My love for Natalia was as if it stood centuries apart from my love for Jill, as if each belonged to a different sphere or time. Martin would have called this separation an invalid concept. I realized that. I also realized that my love for each was actually the same in principle, but individual in expression. That glorious spark of an idea took away the division, separation, and any sense of isolation between Natalia and Jill. This wonderful multiplicity in unity quickly became almost a paradox for me that I nearly couldn't figure out, but eventually did. The paradox seemed related to an invalid concept. The concept of separation was invalid, while the concept of an all-embracing individuality was not. Its universality was uniting. We were all human beings and spectacular in our own way.

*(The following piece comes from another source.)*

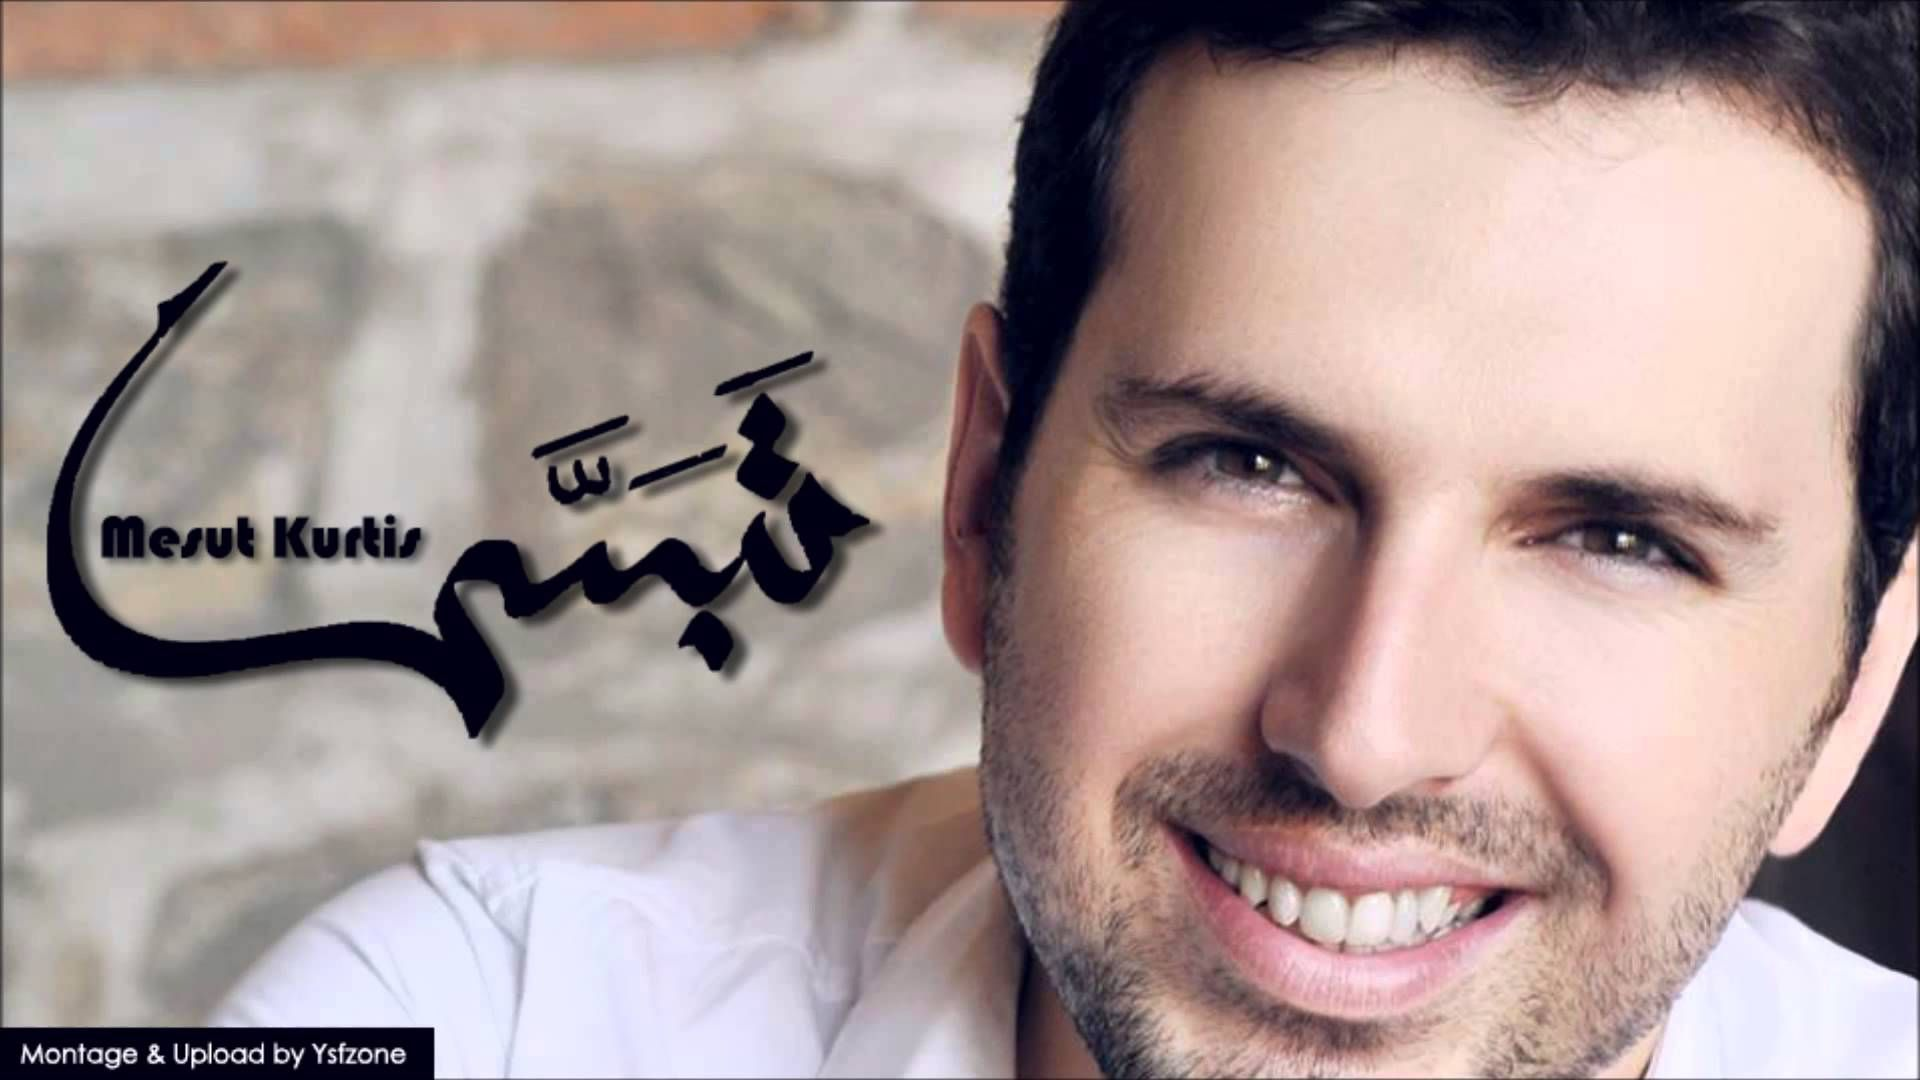 Mesut Kurtis Tabassam Smile تبسم 2014 High Quality 320kps Kurti Mens Sunglasses Style

Nevertheless, a trifle of the old notion remained. The idea of closeness was related to the concept of separation as negation. That concept too, had to be scrapped. The idea came that the concept of closeness can stand on its own as a manifest of our common humanity that we all share, which had rendered our human world so unspeakably rich. The challenge, thus, became one of letting go of even that, and to embrace the truth that there exists no principle for separation which would make this closeness appear special rather than normal and universal. Jill became intertwined with this endlessly challenging project that we had no intention to define a limit for.